When you’re developing software, there’s often tension between competing interests. There’s always more work to be done than can possibly be completed. There are bugs to be fixed, new features to be implemented, and scalability or infrastructure problems to be addressed. All of this, essentially, is a question of prioritization. When we planned the club leaderboard work, we decided up front that it was worth investing six weeks of developer time (with a small team of one developer and one part-time code reviewer) to tackle this problem, but we didn’t want to take more resources than that away from other priorities. Planning this time commitment at the beginning of the project helped us architect a solution that was achievable within that time frame. Six weeks was long enough for us to implement a really solid solution to the core problem (by completely redesigning the club leaderboard back-end) rather than just putting more band-aids over it.
But because we knew our time was limited, we cut some scope to ensure we could finish in the allotted time. We would have liked to build our new club leaderboard solution as an isolated back-end service in Scala, but we weren’t confident that the additional amount of work required could be completed within our six week timeline. So, instead, we built the solution in our existing club leaderboard codebase in Rails, and we ensured that it was well-encapsulated so it would be easy for us to extract the logic to a service in the future. We also made a few other small compromises in our designs. For example, we thought about implementing a relatively complicated backup and restore solution for the leaderboard data in Redis, but ultimately decided that would be overkill (since the data expires after two weeks anyway and regenerates itself as activities are uploaded), and a relatively standard Redis cluster with read replicas would be reasonable given our time constraints. By cutting some scope from the project, we were able to complete the work in a way that didn’t divert too much developer effort from our other priorities, but still addressed the root scalability problem in a timely manner.
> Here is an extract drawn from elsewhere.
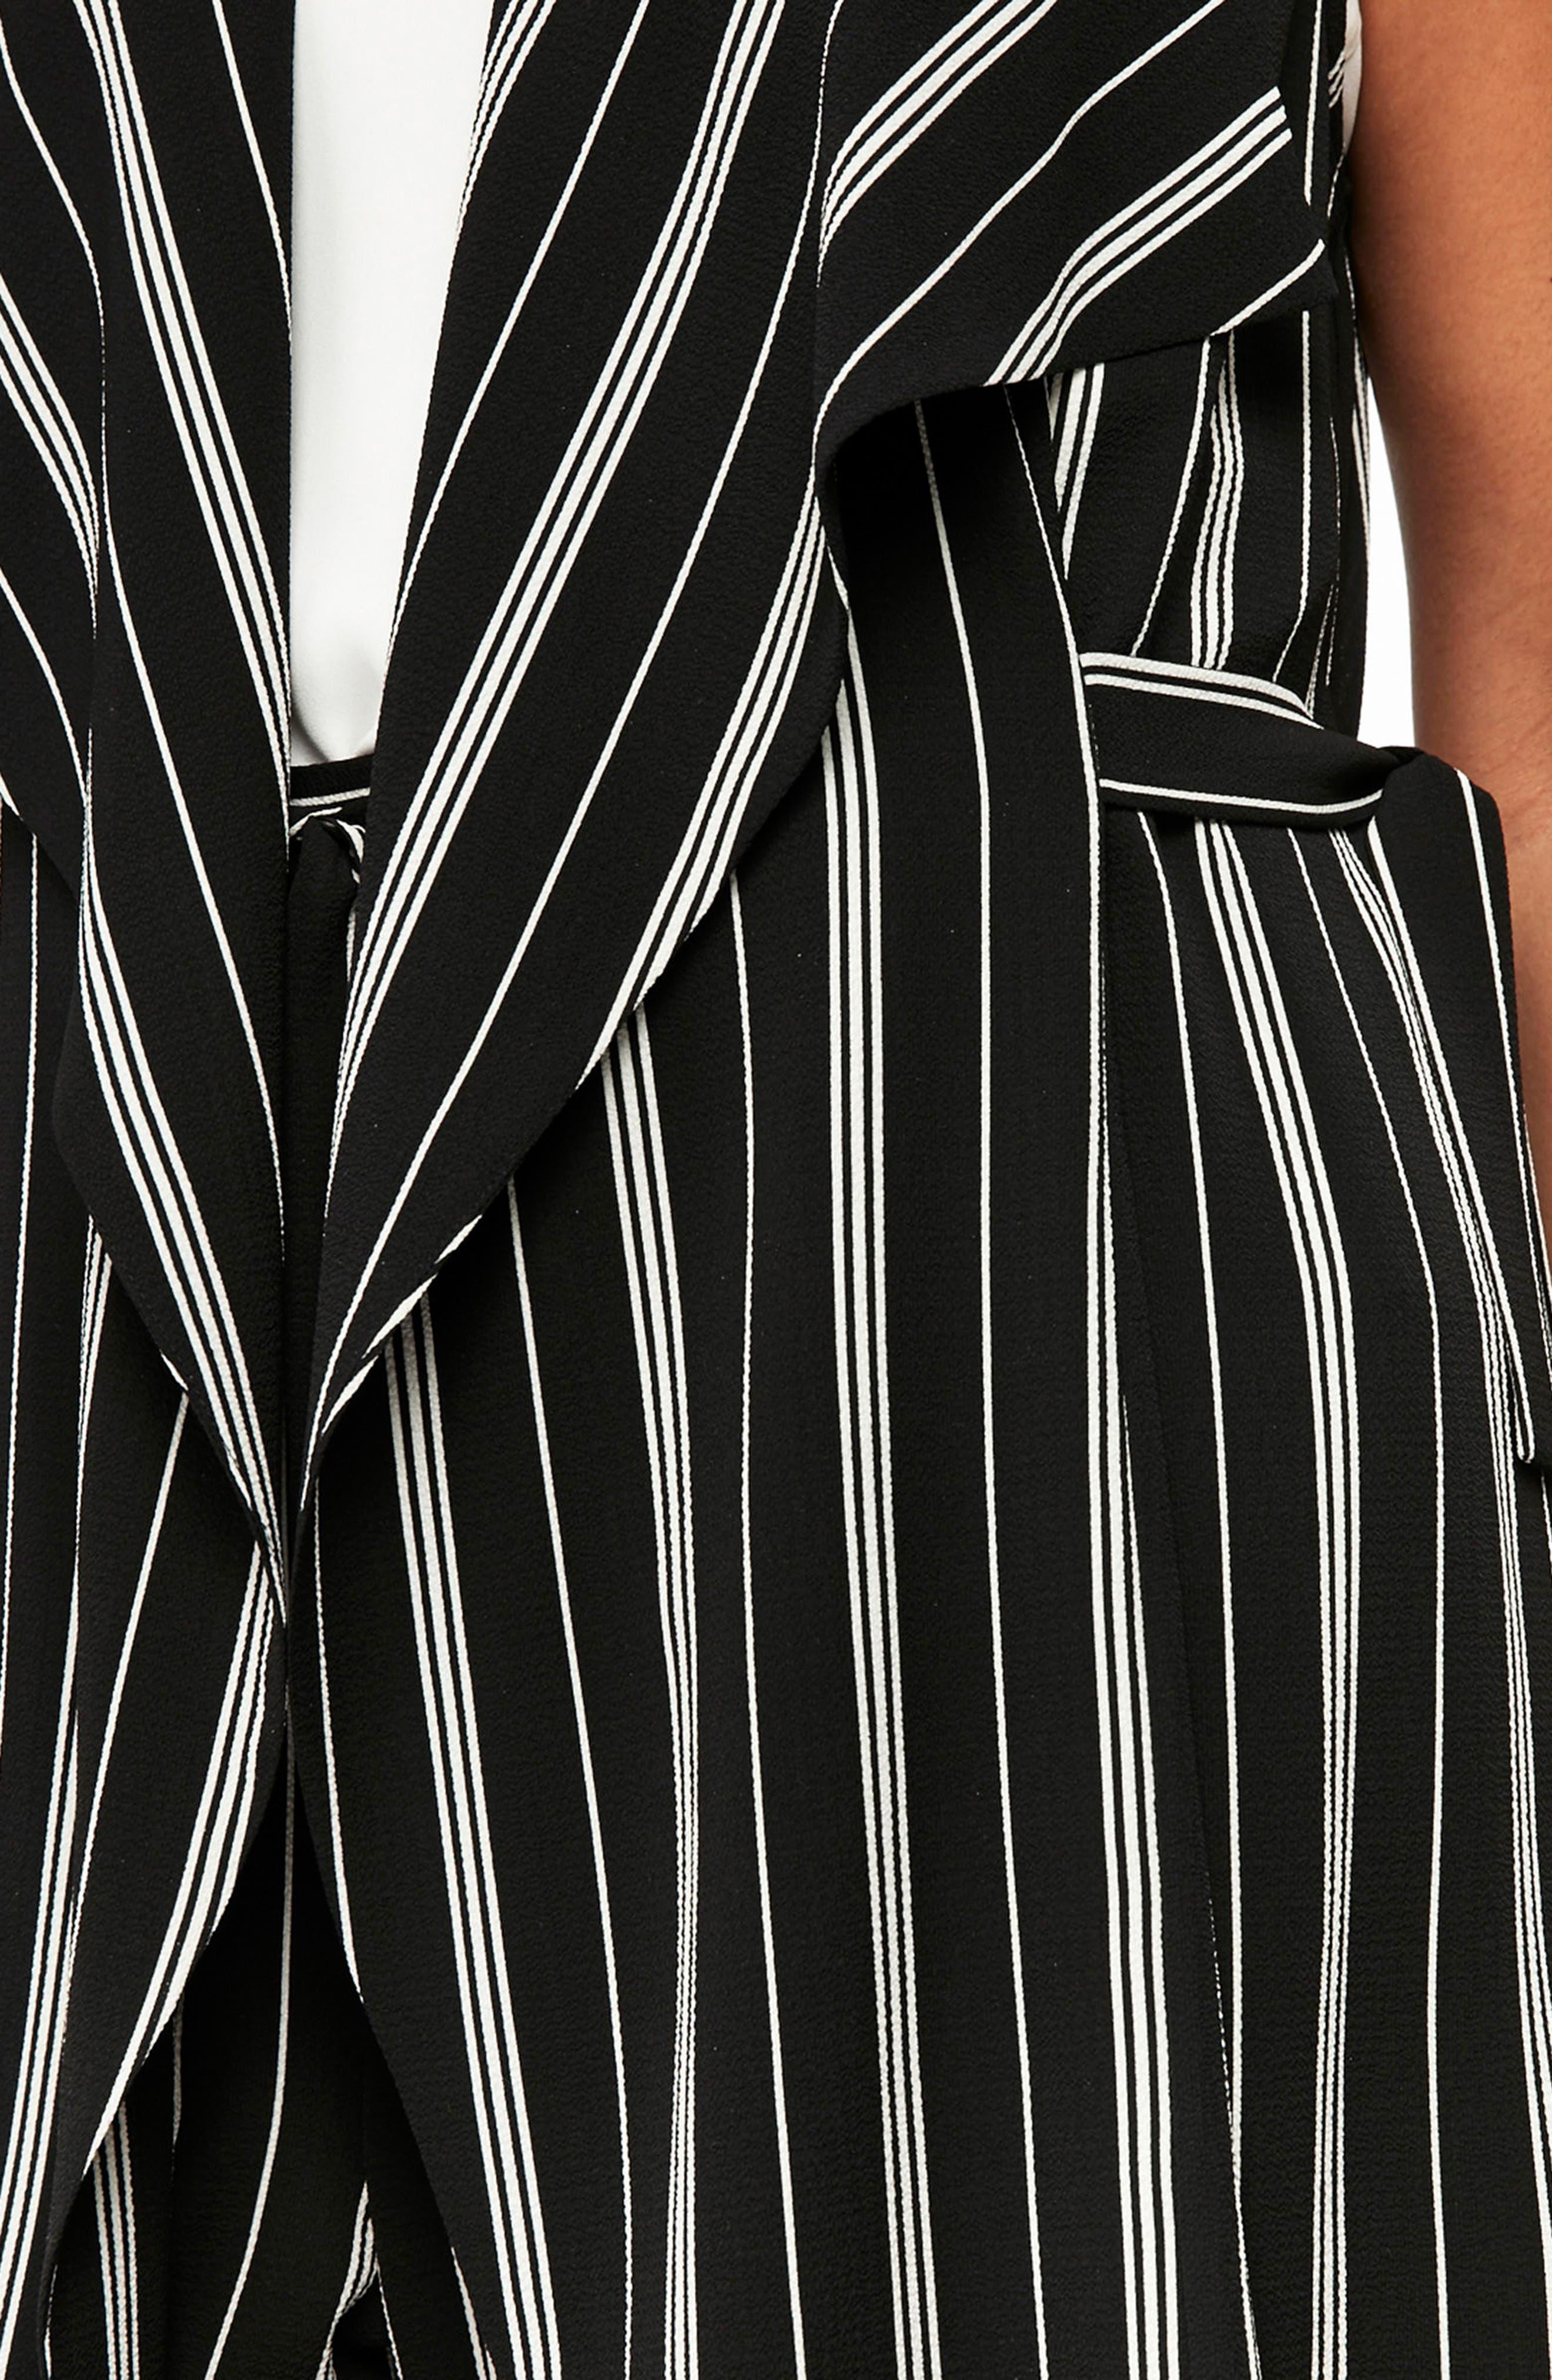 Stripe Sleeveless Jacket,                             Alternate thumbnail 3, color,                             Black/ White
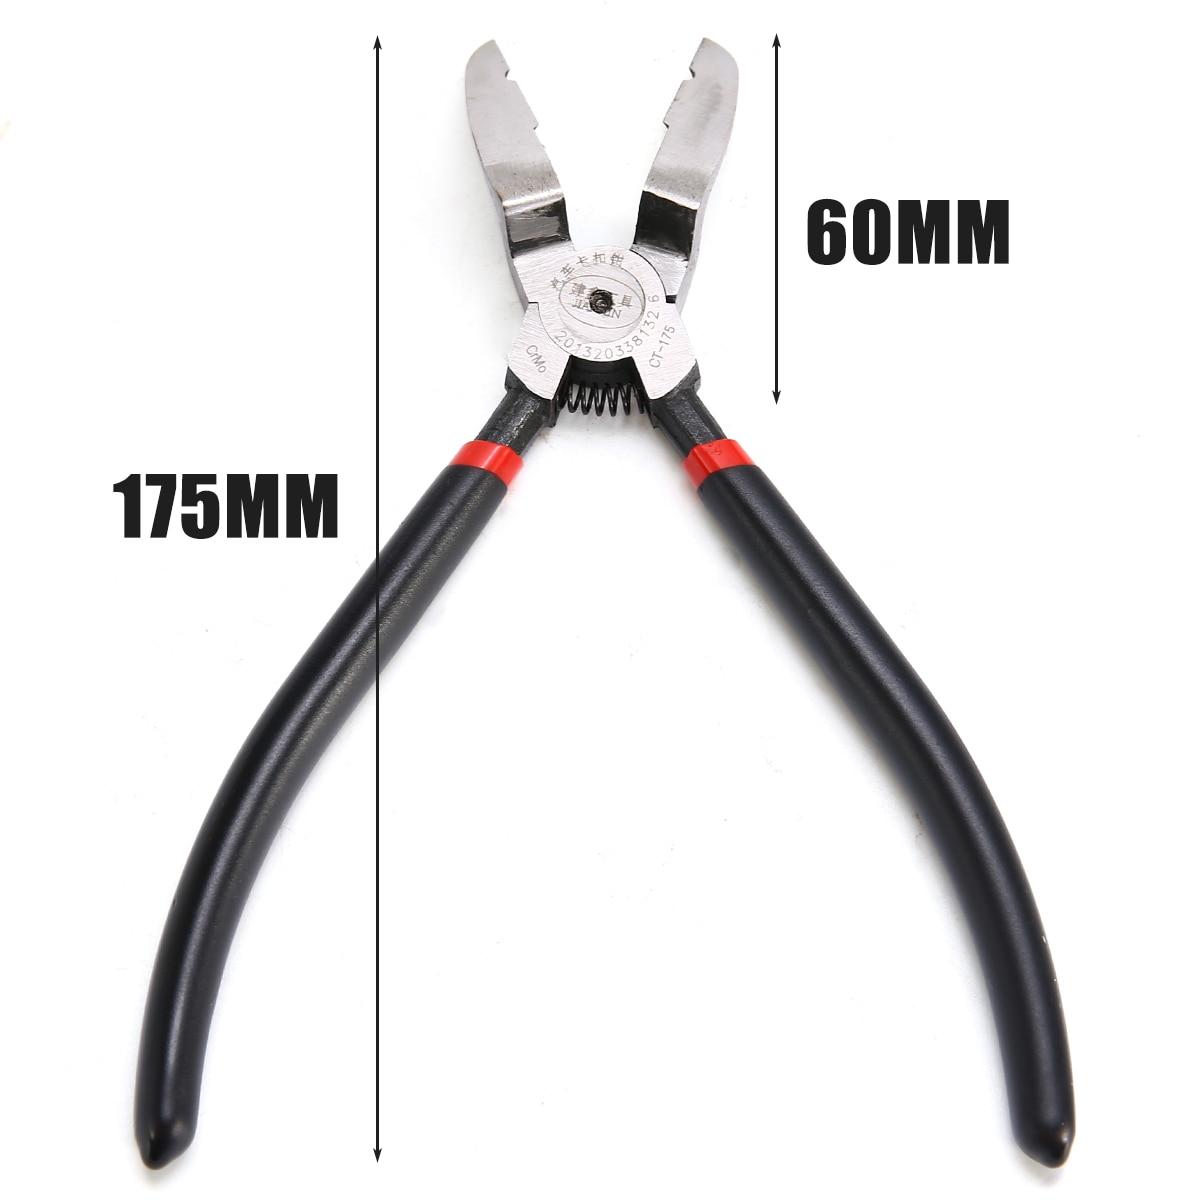 Mayitr 1pc 17.5cm Car Push Retainer Rivet Piler Trim Fastener Clip Panel Puller Plier Remover Tool for Honda Nissan BMW

Overall, the project was a big success. We achieved our primary objective — to reduce the risk of a future incident because of database load caused by the expensive club leaderboard query, and to do so in less than six weeks of work. In addition, we improved the athlete experience by ensuring that our club leaderboards work quickly and correctly — even when the club is a large club. We swapped out the old, bad back-end implementation for a better one, and we did so with no downtime and little changes to the existing front-ends. Hopefully, our new system will be easier to work with and modify, and will last at least as long into the future as the old one did!